Pour améliorer son accélération, il faut travailler trois piliers : la technique de course, la force musculaire et la coordination.
L’entraînement doit inclure des sprints courts, du renforcement des ischios et des fessiers, des exercices de pliométrie, ainsi qu’une attention particulière à la posture.
Des facteurs comme l’échauffement, la souplesse et la récupération influencent aussi la qualité des accélérations sur le long terme.
Partir bien, c’est partir vite.
Vos appuis doivent être ancrés, votre buste légèrement penché vers l’avant, et vos bras doivent accompagner le mouvement de manière dynamique.
Travaillez les départs arrêtés, focalisez-vous sur les trois premières foulées, en cherchant à pousser fort dans le sol.
Gardez une fréquence élevée, plutôt que de vouloir faire de grandes enjambées trop tôt.
Un joueur explosif est un joueur fort.
Le travail en salle est essentiel pour renforcer les fessiers, les ischios-jambiers et les mollets.

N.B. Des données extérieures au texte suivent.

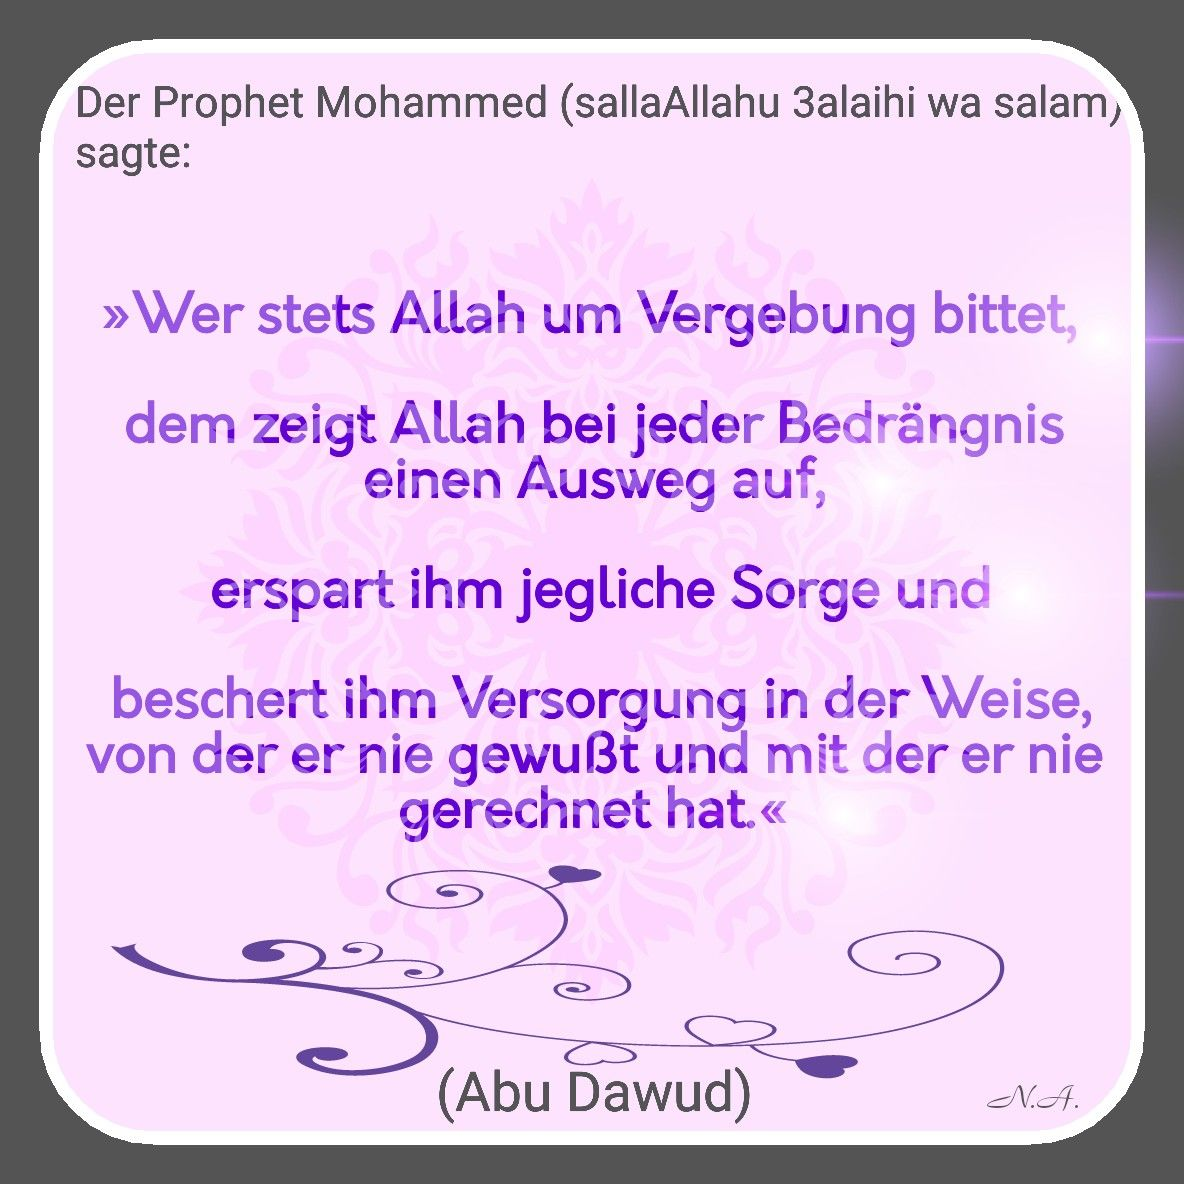 Allahs Vergebung   Um vergebung bitten, Vergebung, Der

N’oubliez pas que la force sans vitesse ne suffit pas, il faut aussi travailler l’explosivité.
Intégrer des exercices pliométriques transforme la force en action rapide.
Faites ces exercices avec intensité, mais sans négliger la qualité technique.
Une bonne posture est indispensable pour éviter les blessures.
Travailler les appuis et la coordination fait la différence, pratquez donc des exercices de changement de direction et des drills d’appuis rapides.
Ne pas négliger les éléments indirects tels que l’échauffement et la mobilité, ainsi que la récupération pour continuer à progresser, car sans bonne récupération, vous ne progressez pas.
Dormez suffisamment, hydratez-vous bien, et espacez vos séances explosives pour laisser aux muscles le temps de se reconstruire.